We used a one sample t-test to analyse whether children shared more seashells with their chosen group than what was expected by chance (i.e. 0.75 seashells per group; three seashells in total divided among four groups). Finally, we ran a negative binomial generalised linear model (GLM), using data on 280 children, to test whether the number of seashells children gave to their chosen group (response variable) differed depending on the composition of the chosen group (categorical test fixed effect: fully heterogeneous, fully homogeneous or partially heterogeneous group). We ran a negative binomial GLM because this model had a lower dispersion parameter than a Poisson GLM and a zero-inflated Poisson GLM (see the Supplementary Material). Note that, in this GLM and in the models run with data from the other two experiments, we put together the two partially heterogeneous groups into one single category, so that the group composition variable was composed of three categories. We considered the two phenotypic traits together as analyses run separately on the two traits (colour and recreational activity) gave very similar results (Supplementary Material Tables S5 and S6) to the ones presented below. In this GLM, together with the group composition variable we entered the ages of the children (in years; continuous variable) and their gender (binary variable) as control fixed factors. We ran the analyses in R, version 4.0.3 (R Core Team 2020), with the package ‘glmmTMB’ (Brooks et al., Reference Brooks, Kristensen, van Benthem, Magnusson, Berg, Nielsen and Bolker2017).
For all of the models run for the three experiments, we analysed the collinearity between the fixed factors, with the package ‘car’, using the Variance Inflation Factors (Fox & Weisberg, Reference Fox and Weisberg2019). The Variance Inflation Factors were always ≤1.10, indicating low collinearity. We compared the full and null model (composed of all control fixed factors in the model except the test fixed effect) for each experiment using a likelihood ratio test. In the results for the three experiments, when the full model was significantly better than the null model, we present the coefficients and p-values of the fixed factors in the main text, otherwise the test statistics are presented in the Supplementary Material. Moreover, for each model, we present the results of the control fixed factors, but we do not interpret their effect.
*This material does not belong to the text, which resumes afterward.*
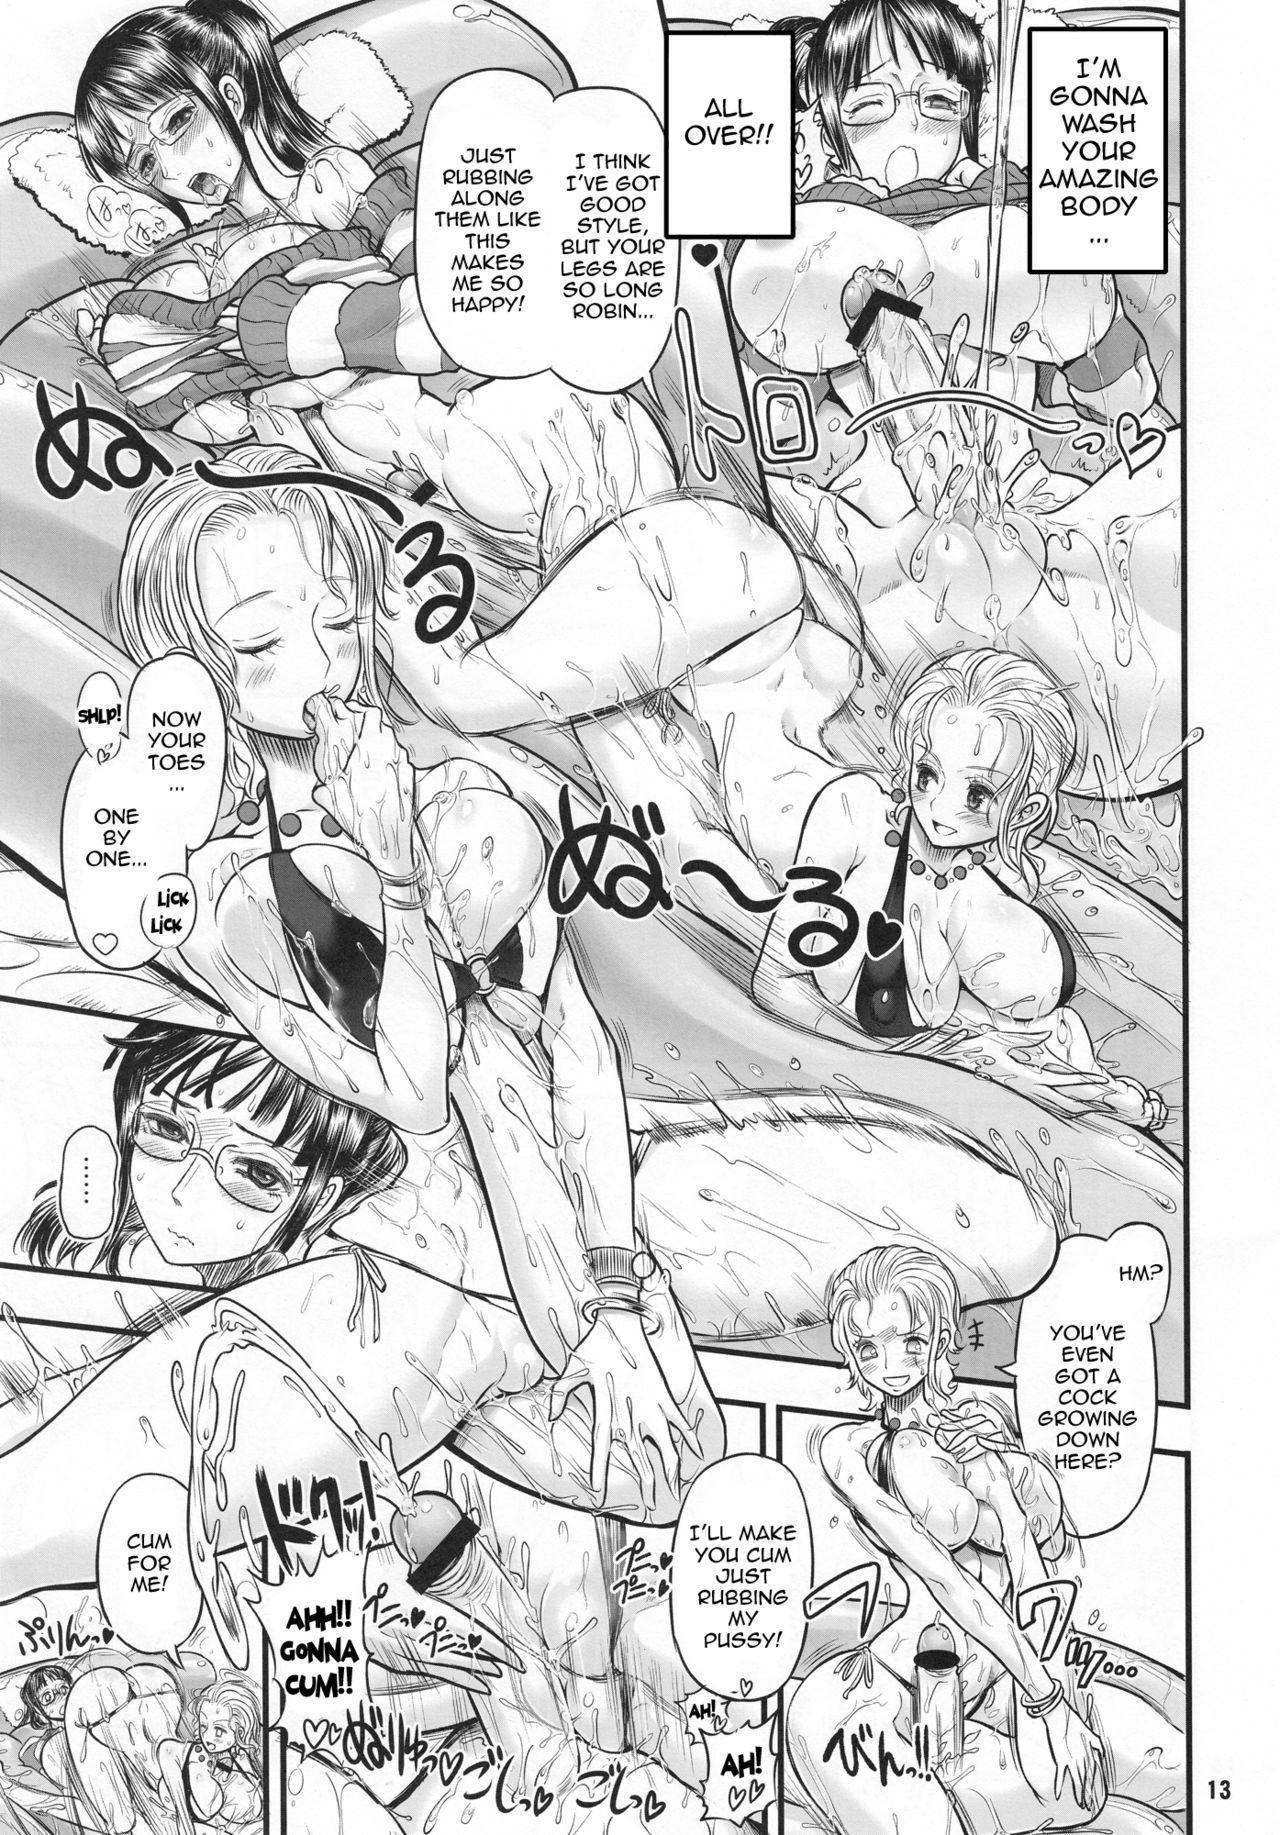 Midare Saki Joshuu Kaizoku Soushuuhen   Bloom, Pirate Hooker! Bloom! Annual 44

2.2.3. Results – experiment no. 1
We found that children's preferences for the three group compositions did not significantly differ from what expected by chance (chi-square test: χ 2 = 1.70, p = 0.64; see also Supplementary Table S3). Seventy-nine children (28%) chose the fully homogeneous group, 70 children (25%) chose the fully heterogeneous group and 131 children (47%) chose the partially heterogeneous group. All of the children who chose the fully heterogeneous group focused on the phenotypic diversity of their chosen group (e.g. ‘Boring if everyone is the same’; see full data in Table S1). Among the children who chose the fully homogeneous group, 92% of them focused on the phenotypic similarity of their group. For example, one child said ‘[the members of their chosen group] all like the same things, TV shows and t-shirts’. Among the children who chose the partially heterogeneous group, 42% gave a heterophilic and 58% a homophilic response. As predicted, children shared significantly more seashells with their chosen group than what was expected by chance (mean seashells shared by children with their chosen group ± SE = 1.41 ± 0.07; one sample t-test, t = 9.32, d.f. = 278, p < 0.001). Finally, the full negative binomial GLM was not significantly better than the null model, which only excluded group composition (likelihood ratio test: χ 2 = −56.04, d.f. = 2, p = 0.98; Figure 2; coefficients and p-values for the fixed effects are provided in Supplementary Table S2). To control whether our results were due to the wide age range included in our study, we re-ran the GLM on ≥6-year-old children only. This GLM on the restricted dataset, containing the same factors included in the model above, was not significantly better than the null model (Supplementary Table S4). Therefore, group composition did not predict sharing in children in experiment no. 1.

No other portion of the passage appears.